Provided records:

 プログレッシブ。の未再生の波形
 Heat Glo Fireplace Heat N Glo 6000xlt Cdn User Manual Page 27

---

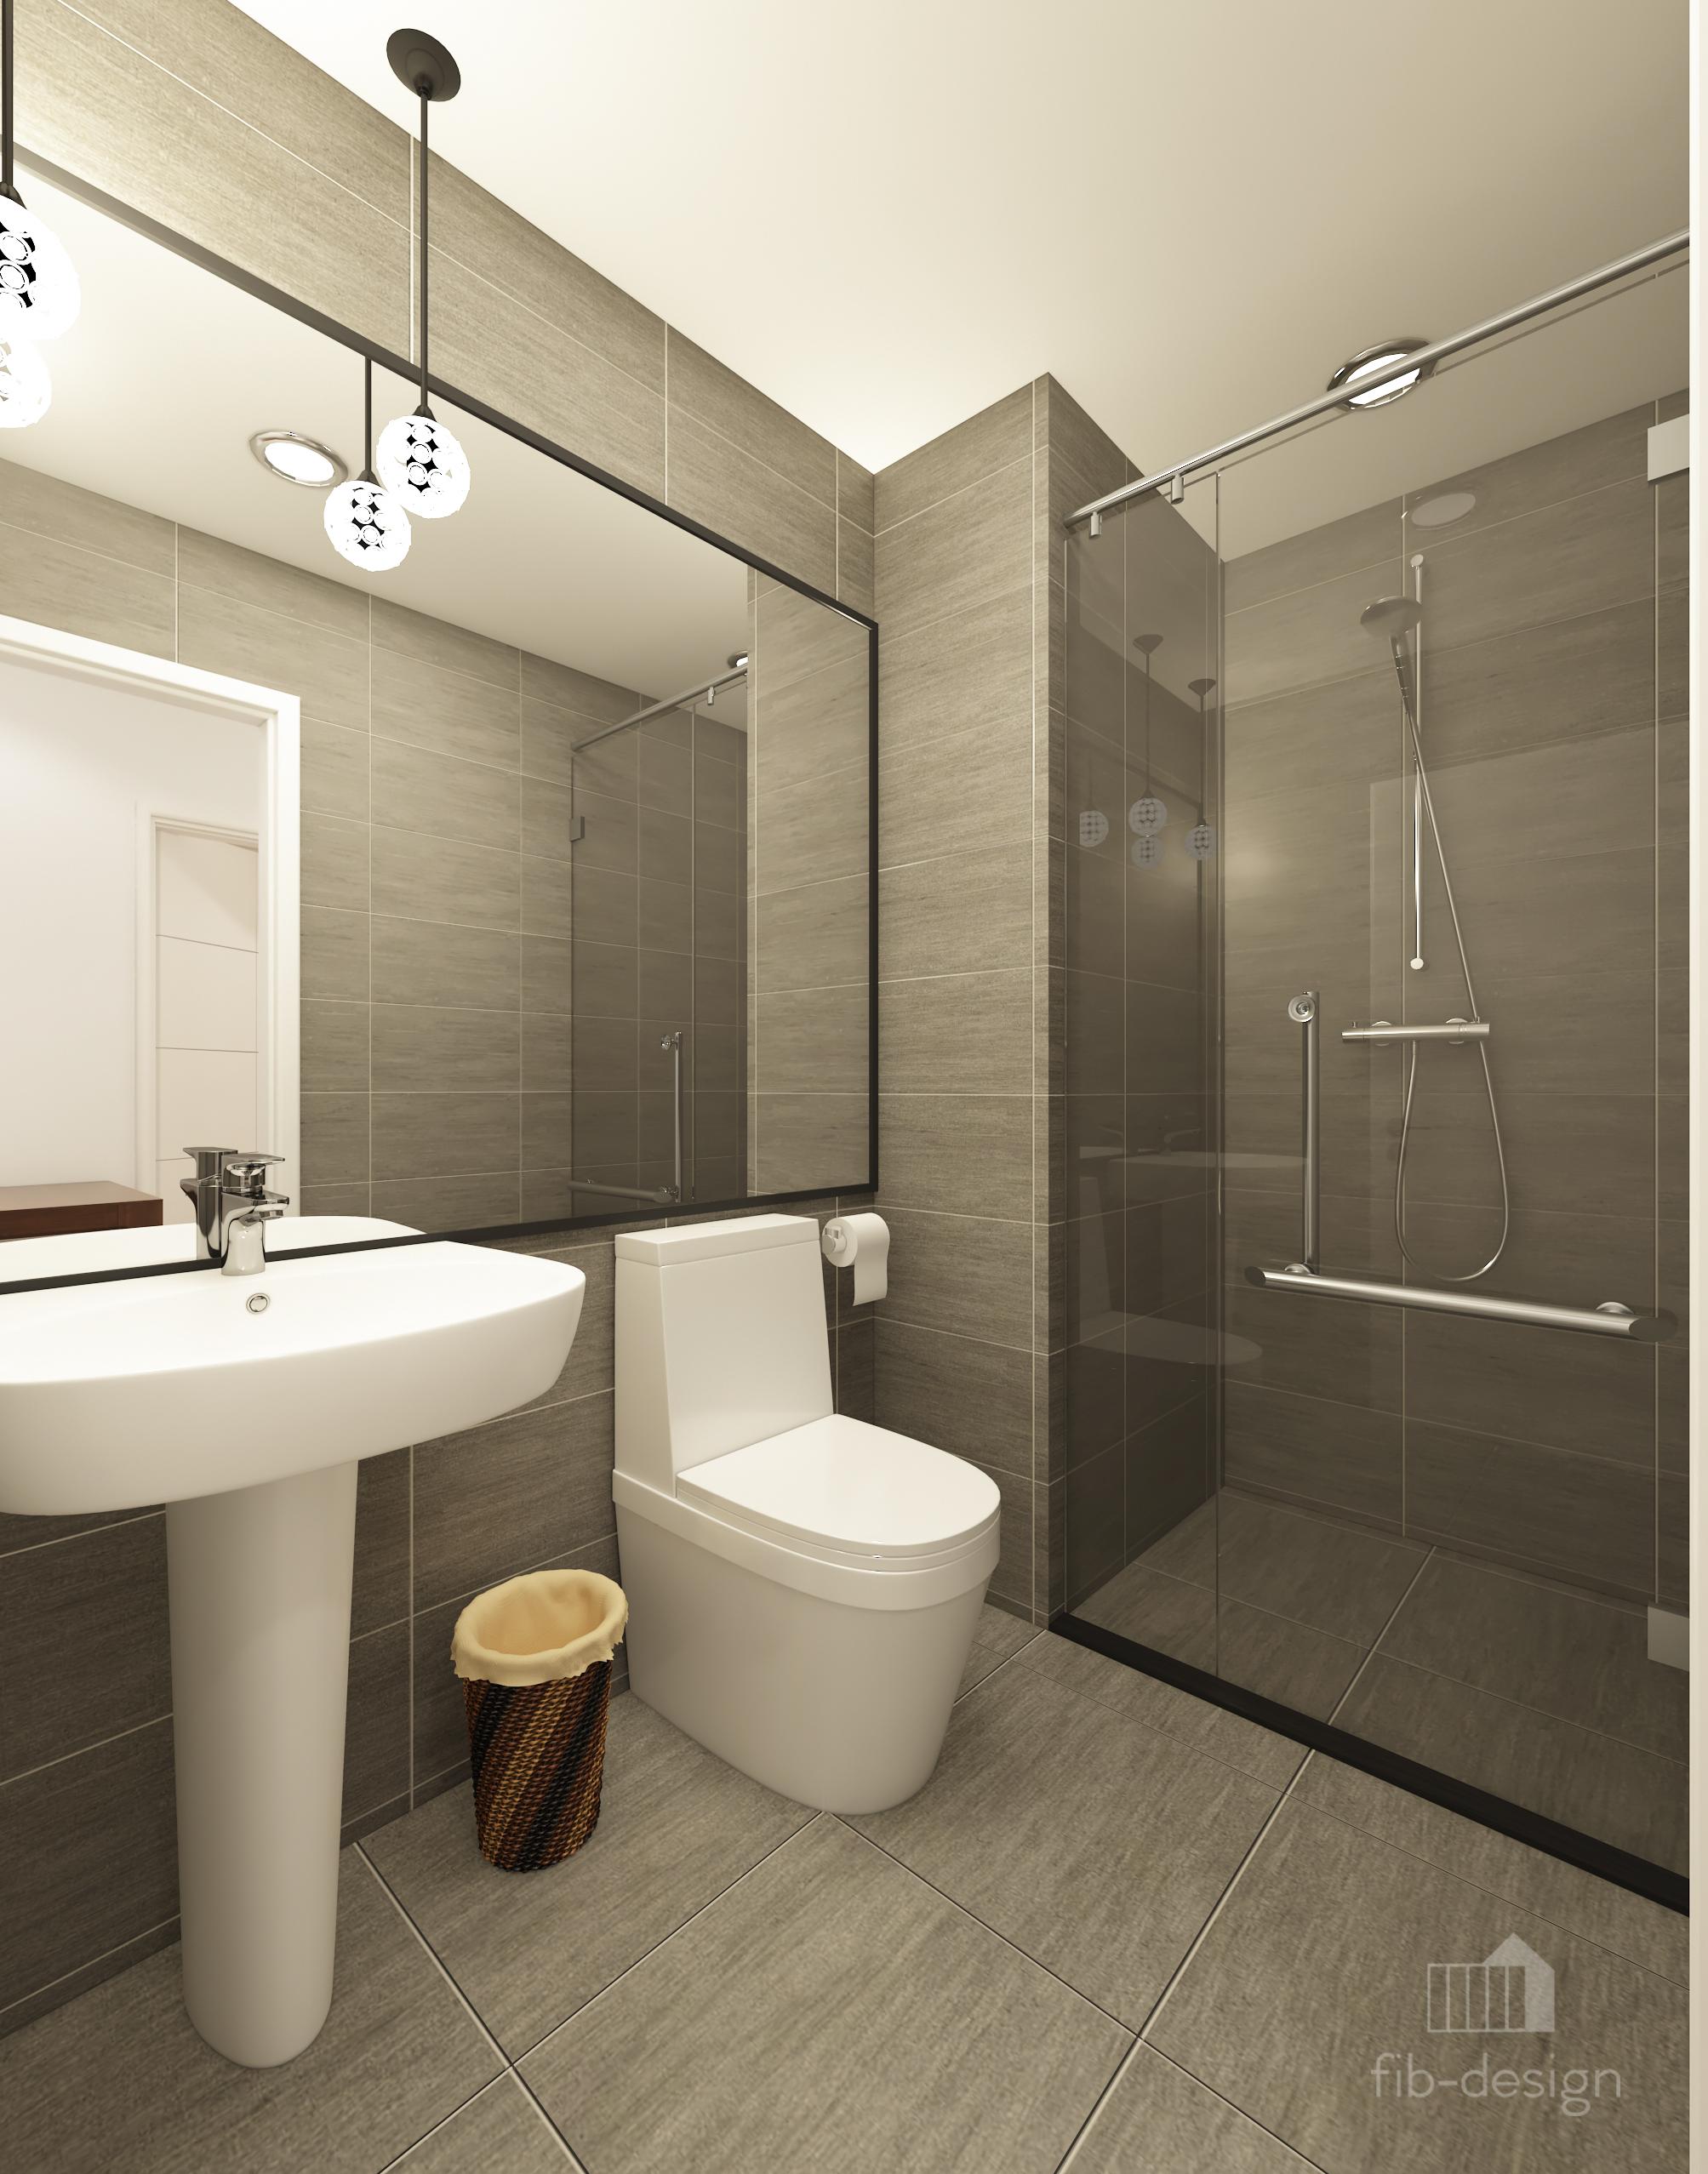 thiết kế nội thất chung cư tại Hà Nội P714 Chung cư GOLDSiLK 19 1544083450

Task description:
From the records above, transcribe without alteration every line from the one with "プログレッシブ。の未再生の波形" to the one with "Heat Glo Fireplace", inclusive.

Final answer:
 プログレッシブ。の未再生の波形
 Heat Glo Fireplace Heat N Glo 6000xlt Cdn User Manual Page 27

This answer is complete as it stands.